OOD Reasoning Transfer: RankTuner is optimal on ARC-C / GPQA, indicating the calibration signal is not tied to math tasks. Strategies like DFT encounter over-sharpening and poor transfer.
Automatic De-weighting of Replaceable Tokens: In CoT visualization, pronouns like "them" and "all" fall into the \(I\approx 1\) neutral zone, while critical tokens like "frac", "0", and "{" fall into the \(I < 1\) high-weight zone.
Theoretical Bound Alignment: Empirical scatters of \(R\)-\(p\) and \(\mathbb{E}[R]\)-\(H\) on Qwen3-8B align closely with theoretical bounds, validating rank as a tight proxy.
Robustness to \((f,g)\): Stability across different functional forms proves the gain comes from the "rank-bridging" principle.

Highlights & Insights¶

Right Dimensions: Translating incomparable \(p_t\) and \(H_t\) into the common "guessing cost" rank space is a reusable strategy for multi-signal fusion.
Elegant Diagnostic Design: Quantifying precision/recall for noise tokens provides a metric superior to downstream benchmarks for assessing the core purpose of reweighting.
Framework Friendly: Zero inference overhead and simple integration into SFT pipelines make it highly practical for the engineering community.

Limitations & Future Work¶

Computing \(\mathbb{E}[R_t]\) requires sorting the full vocabulary distribution, which may be costly for extremely large vocabularies (>100k).
Experiments are concentrated on the Qwen family and NuminaMath-CoT; broader cross-family and non-math tasks (e.g., code) are needed.
Integration with RL (PPO/GRPO) remains as future work.
The use of \(K(\xi_t)\) approximations for training stability lacks a detailed analysis of its impact on gradient scales over long sequences.

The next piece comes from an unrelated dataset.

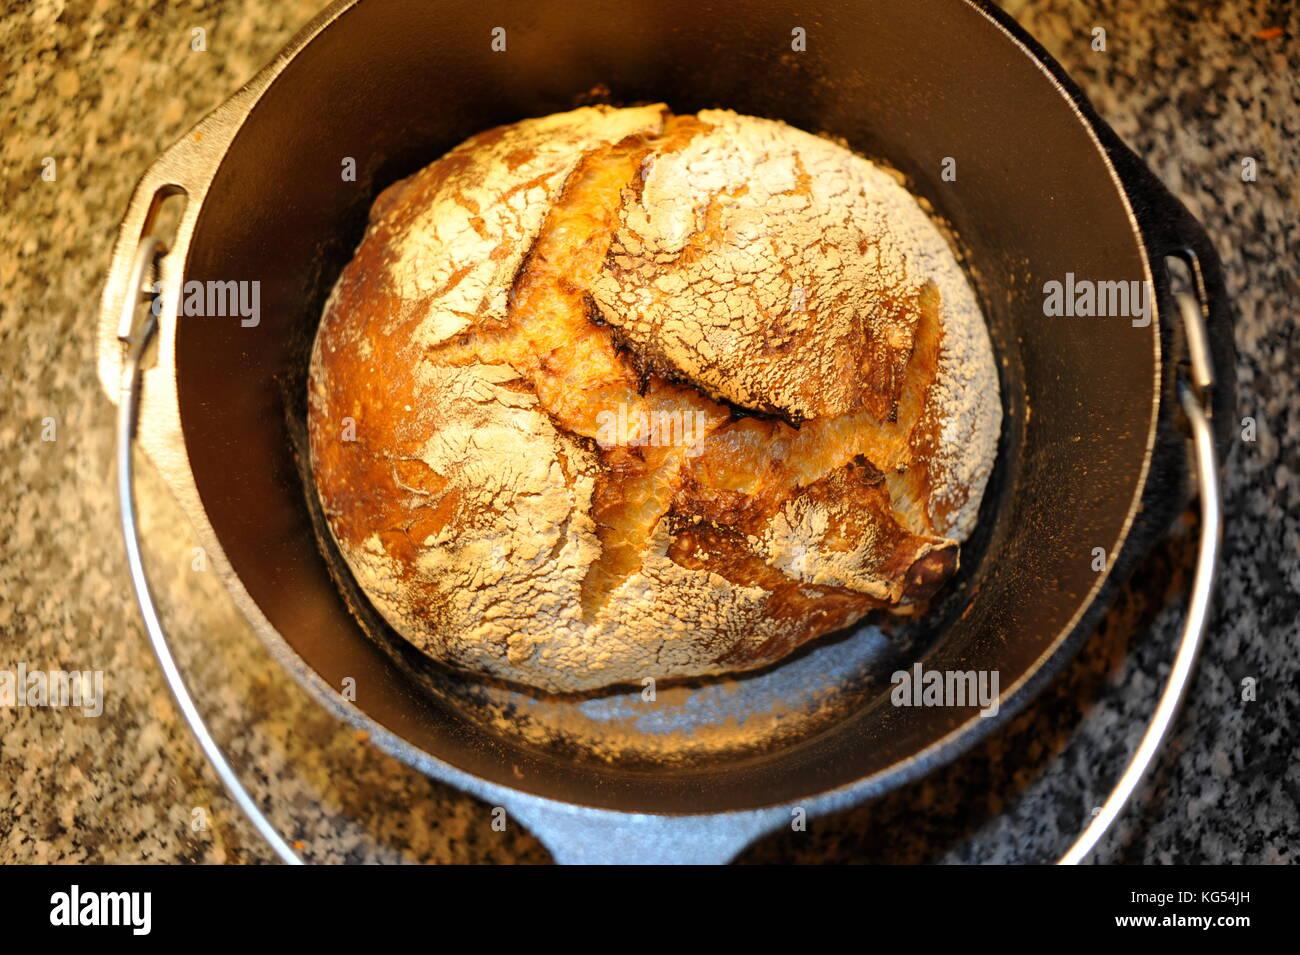 Fresco pan crujiente pan casero artesanal en un horno for Horno de hierro fundido

vs. DFT / TALR / OverTone: These rely on monotonic functions of \(p_t\), often gaining in Pass@1 but losing in Pass@16 and OOD scenarios. RankTuner maintains both by adding entropy-based contextualization.
vs. EAFT: Pure entropy rewards filler tokens. RankTuner uses the mechanism to "reverse" this—neutralizing high entropy instead of rewarding it.
Insight: Reversing ranking metrics (like log-decay in NDCG) as training signals is an intriguing direction for any token-level task requiring ground-truth alignment with model priors.

Rating¶

Novelty: ⭐⭐⭐⭐ Rank-bridging + CMVT provides the first clear theoretical narrative for prob-entropy fusion.
Experimental Thoroughness: ⭐⭐⭐ Convincing math and OOD results, but backbone diversity is limited.
Writing Quality: ⭐⭐⭐⭐ The logic chain from motivation to theory to experiment is very clear.
Value: ⭐⭐⭐⭐ Plug-and-play for existing SFT pipelines with zero inference cost.